NelNet plans to issue $566 million of securities backed by loans originated under the Federal Family Education Loan Programs, according to presales from Fitch Ratings and Moody's Investors Service. 

The transaction, NSLT 2015-1, is backed by a pool of 100% FFELP loans, including 19.5% of rehabilitated FFELP loans. Rehab loans are those that are currently perfoming after having defaulted at some point. Specifically, to be rehabilitated the student loan borrower must make at least nine timely payments within a 10-month period. Although these loans exhibit much higher default rates than regular FFELP loans, they benefit from the same government guarantee.

Fitch and Moody’s plan to rate $443 million of floating rate class A notes ‘AAA’/ ‘Aaa’ and $13 million of floating rate class B notes, ‘A+’/ ‘Aa1’. Since FFELP student loans are indirectly guaranteed by the U.S. Department of Education the ratings on the bonds move in tandem with the U.S. sovereign rating.

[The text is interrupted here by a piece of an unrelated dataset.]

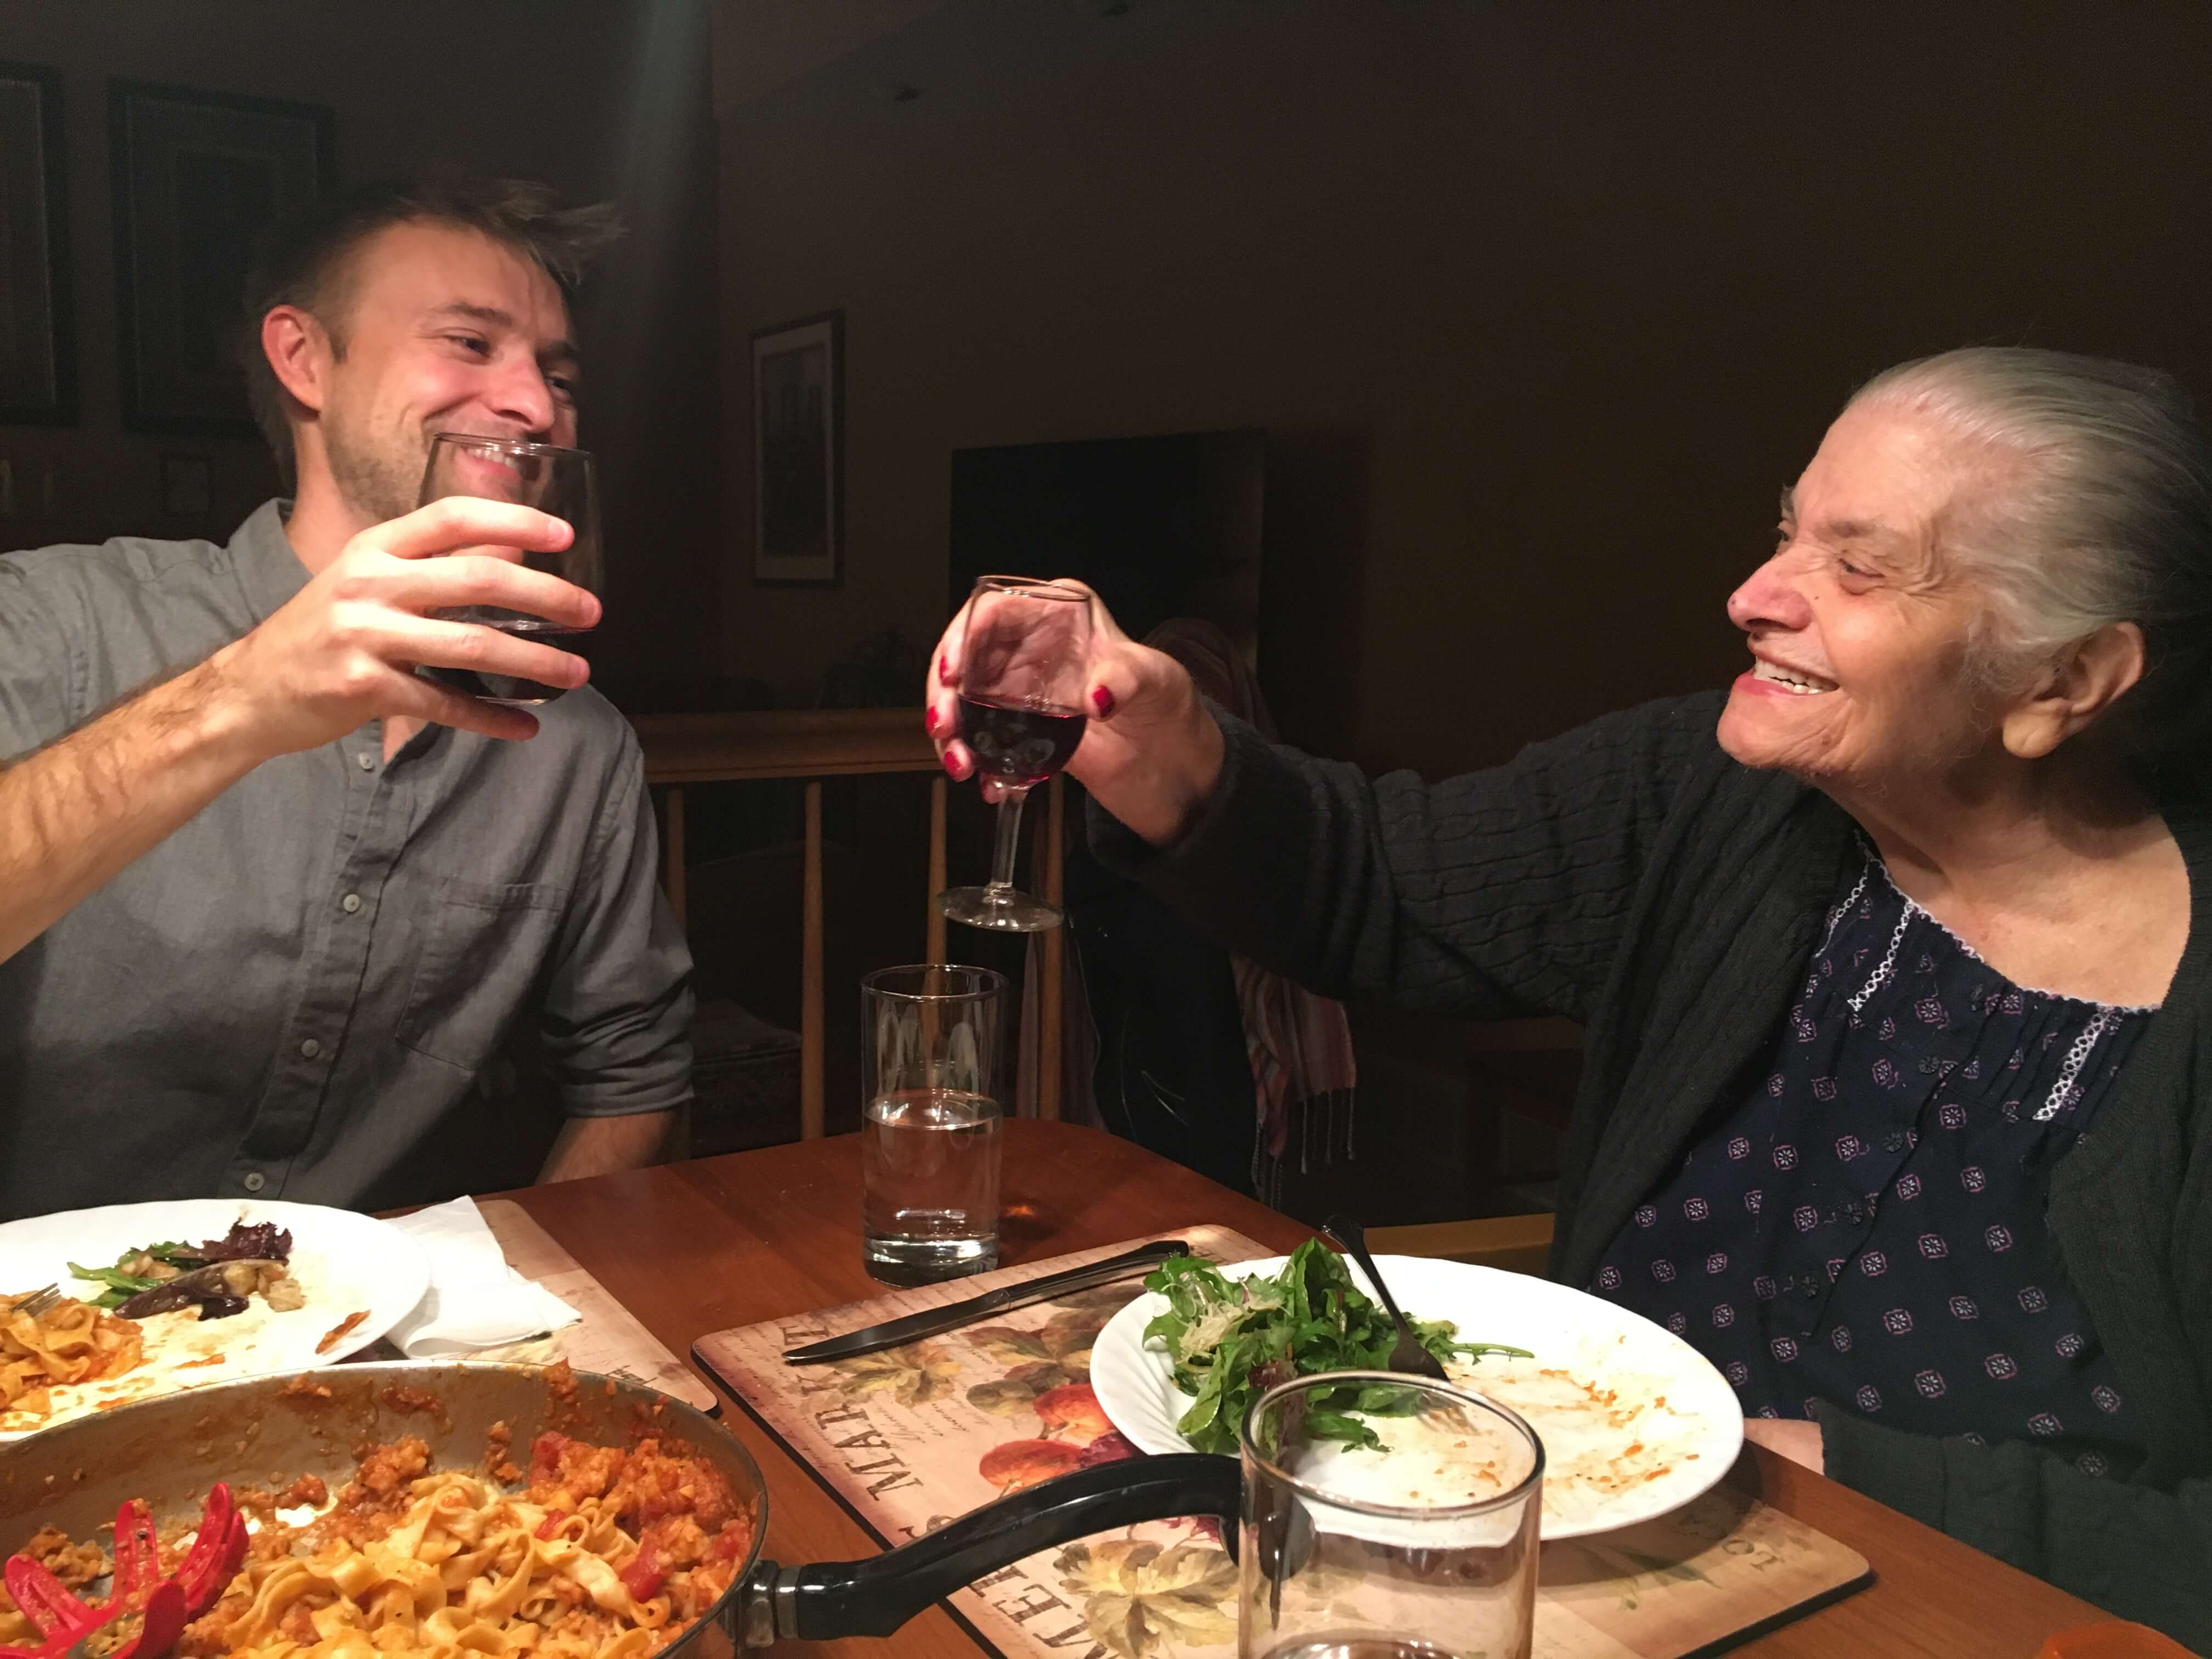 The author’s husband and grandmother, “Mama,” photographed at a family dinner in November 2018. April 2020

Banks are winding down their portfolios of FFELP loans as evidenced by large block sales. On Feb. 3rd, Bank of America announced plans to sell its $2.4 billion portfolio of FFELP loans. The two strongest and most competitively positioned bidders may be Nelnet, which last year acquired CIT"s student loan business for $3.6 billion, and Navient, the largest student loan holder and servicer, which split off last year from now-private lender Sallie Mae. Navient acquired Wells Fargo’s $8.5 billion portfolio of FFELP loans last November.

At the ABSVegas securitization industry conference last week, speakers on a student loan panel said these loans may potentially find their way back into securitizations.